The Philodendron Splendid is a rare hybrid between the Philodendron Verrucosum and Philodendron Melanochrysum. It has the velvety texture of the Melanochrysum, and the red leaf undersides and defined veins of the Verrucosum.
Thankfully, the Philodendron Splendid is easy to care for… certainly easier than the Verrucosum! It enjoys bright filtered light, but avoid direct light that scorches its leaves. Being susceptible to overwatering, always check that the topsoil is dry before watering. A high-nitrogen fertilizer supports lush leaves, and make sure humidity is at least 40%.
Let’s dive into the details.
What is the Philodendron Splendid?
The Philodendron Splendid, Philodendron Verrucosum x Melanochrysum, is a rare hybrid from South America. It was first documented in Ecuador in the 1640s by a German explorer.
The Splendid boast large leaves and light-colored veins.
Caring for your Philodendron Splendid
The best thing you can do for your Philodendron Splendid is find a bright spot to grow indoors, but one that does not get long hours of direct afternoon sunlight.

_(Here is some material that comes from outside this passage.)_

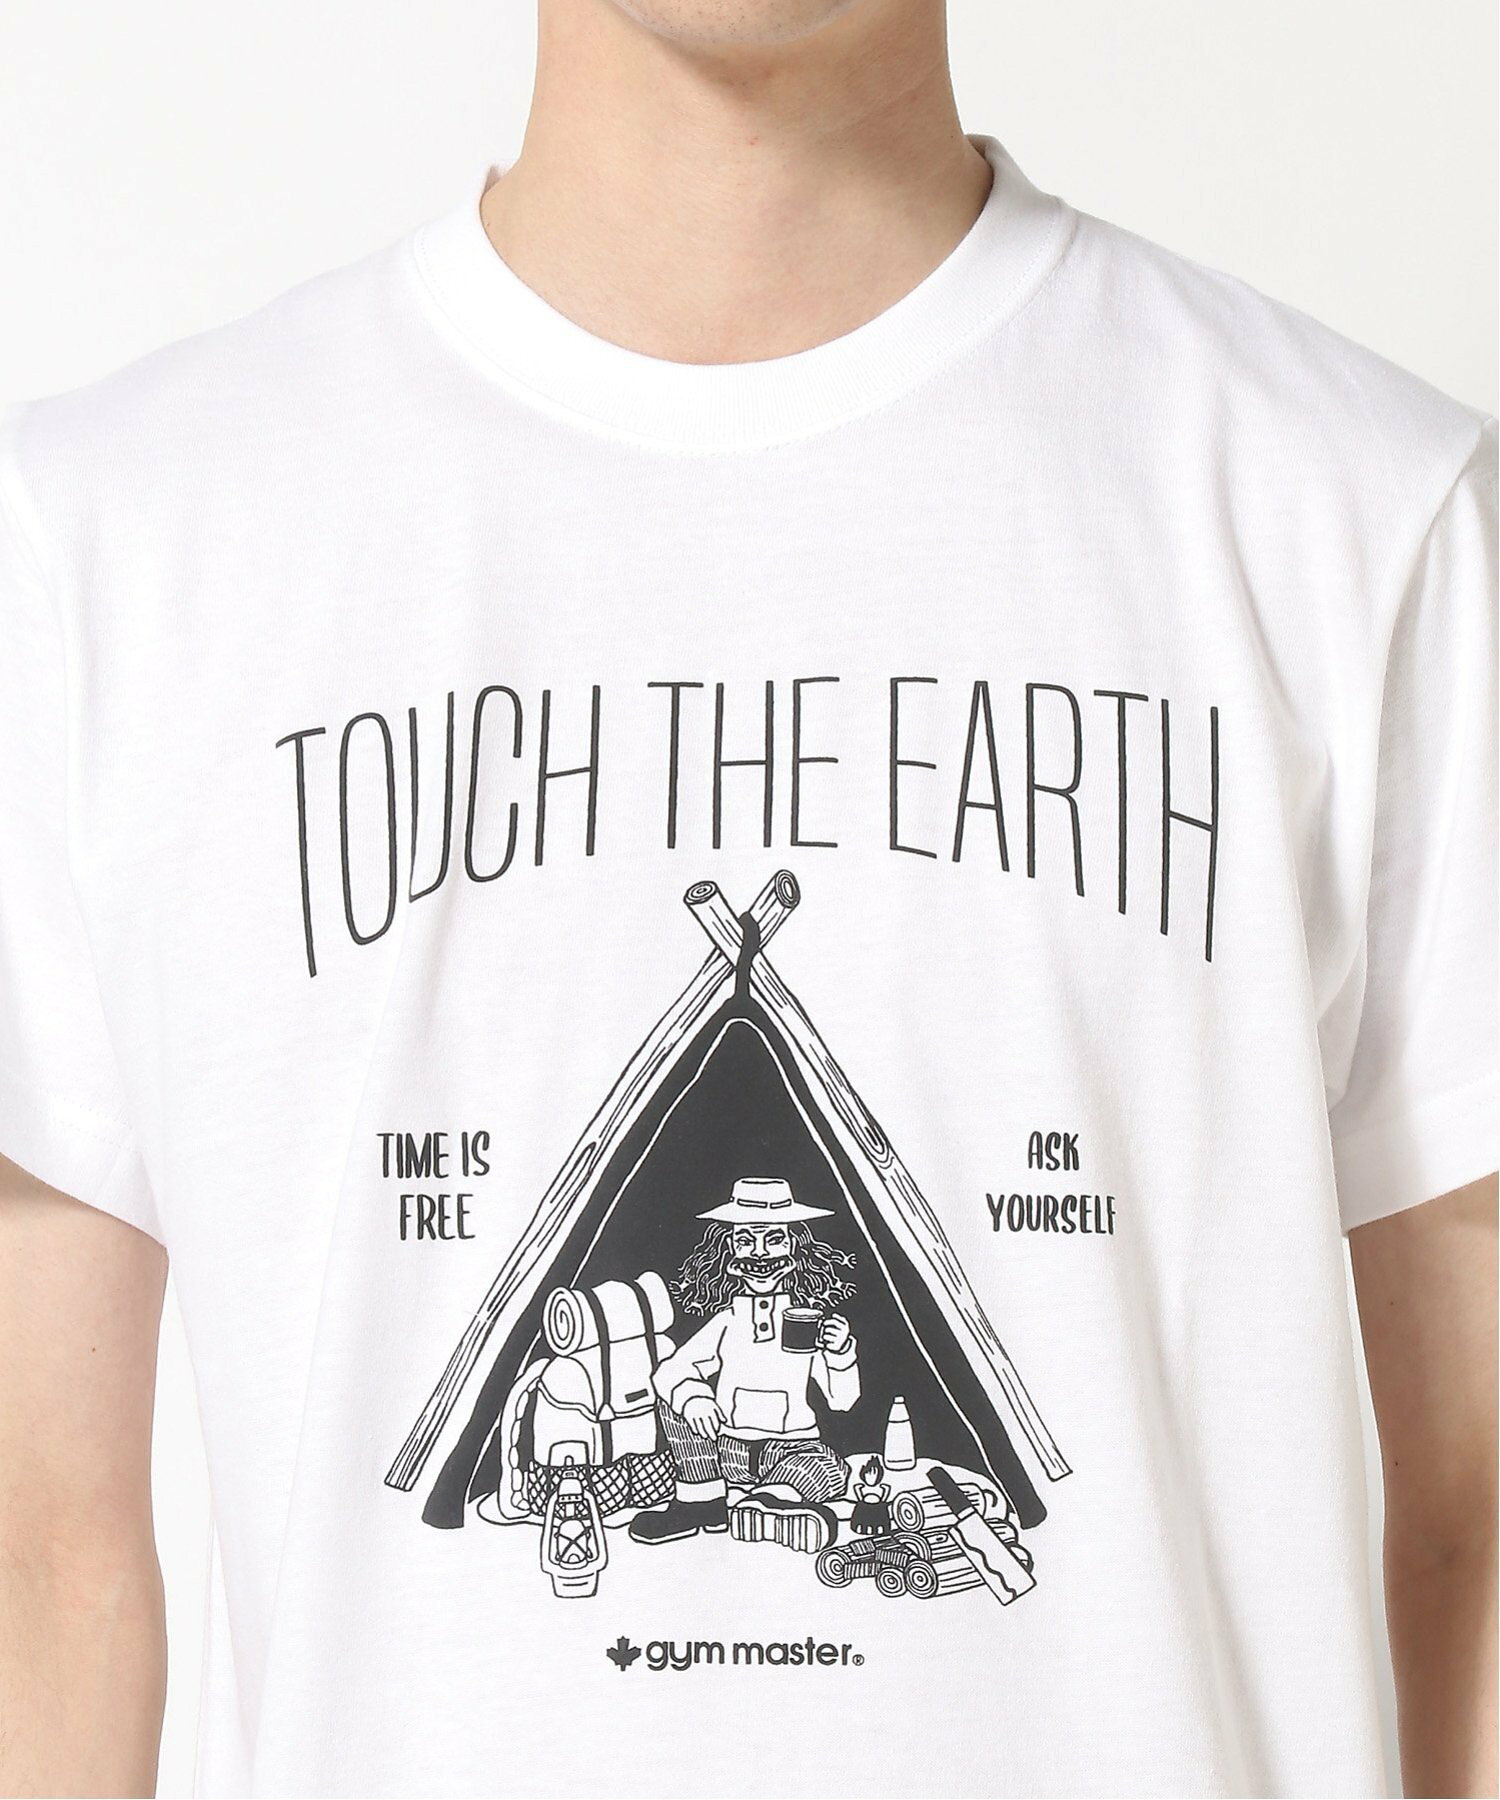 gym master/(U)5.6oz TOUCH THE EARTH Tee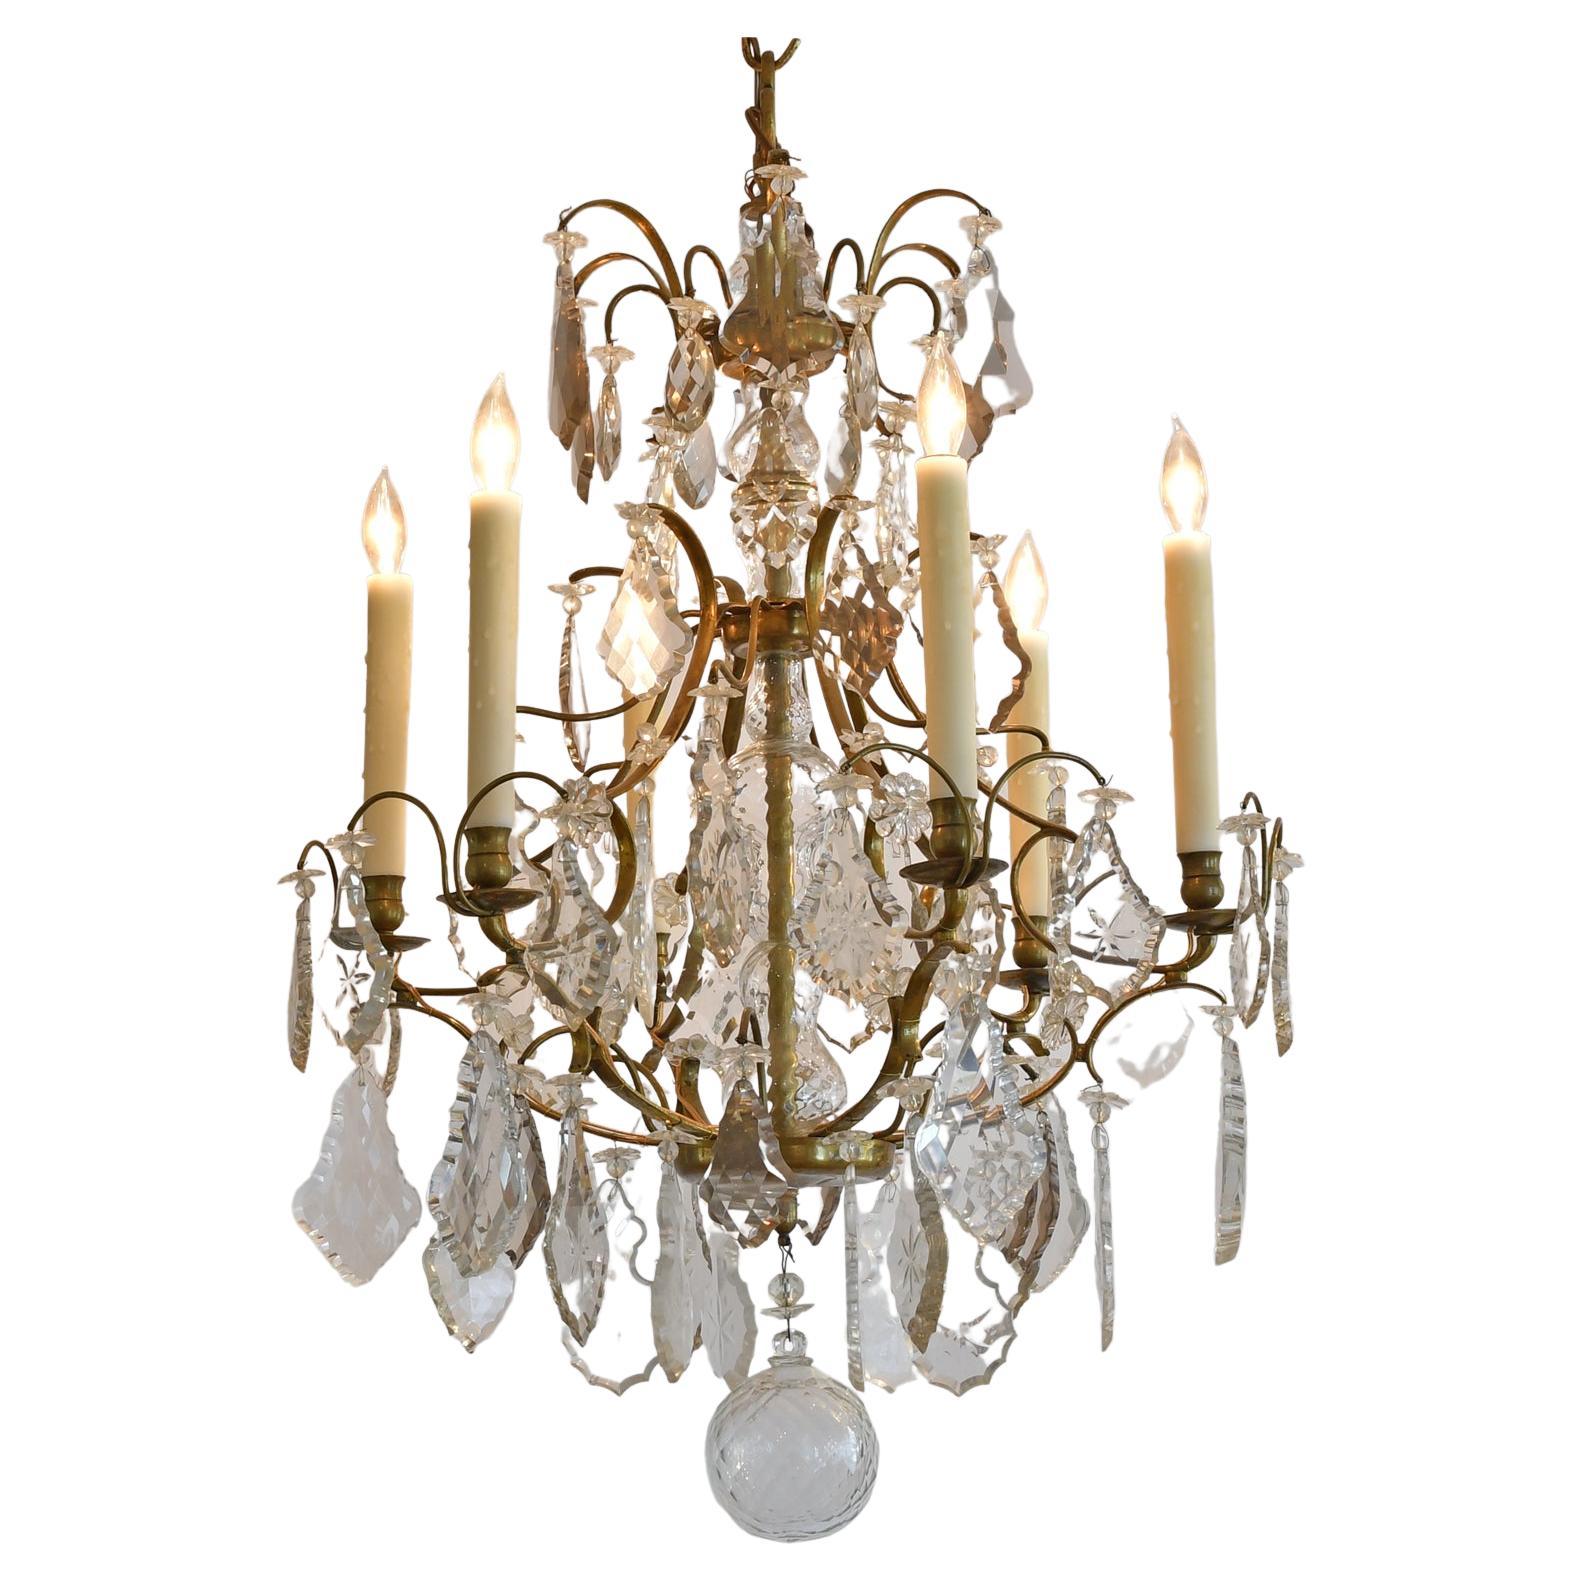 An exquisite mid 19th century baroque-style chandelier with bronze armature offering six (6) lights with finely cut and beveled clear quartz crystal prisms featuring seven different designs, one for each of the tiers, and ranging in shape from leaf,

For this reason, placing your plant directly in North or East-facing windowsills is ideal. If your windows are West or South-facing, move your plant about 4 feet (1.2m) away from the windows to lessen the light intensity.
Long periods of harsh afternoon light tend to scorch its leaves. Conversely, too low-light results in small and dull leaves.
Watering is an important area of care as Splendids are susceptible to overwatering. In fact, overwatering is one of the top reasons for early plant death for this Philodendron. Here’s how best to water your plant:
- Water only when the top 2 inches of soil is dry. Always check the soil moisture with your finger.
- Water using a long-spouted watering can close to the soil. Avoid watering overhead and splashing water on the foliage. Wet foliage is a breeding ground for fungi and pathogen growth, and the risk is only higher for plants with large leaves like the Philodendron Splendid.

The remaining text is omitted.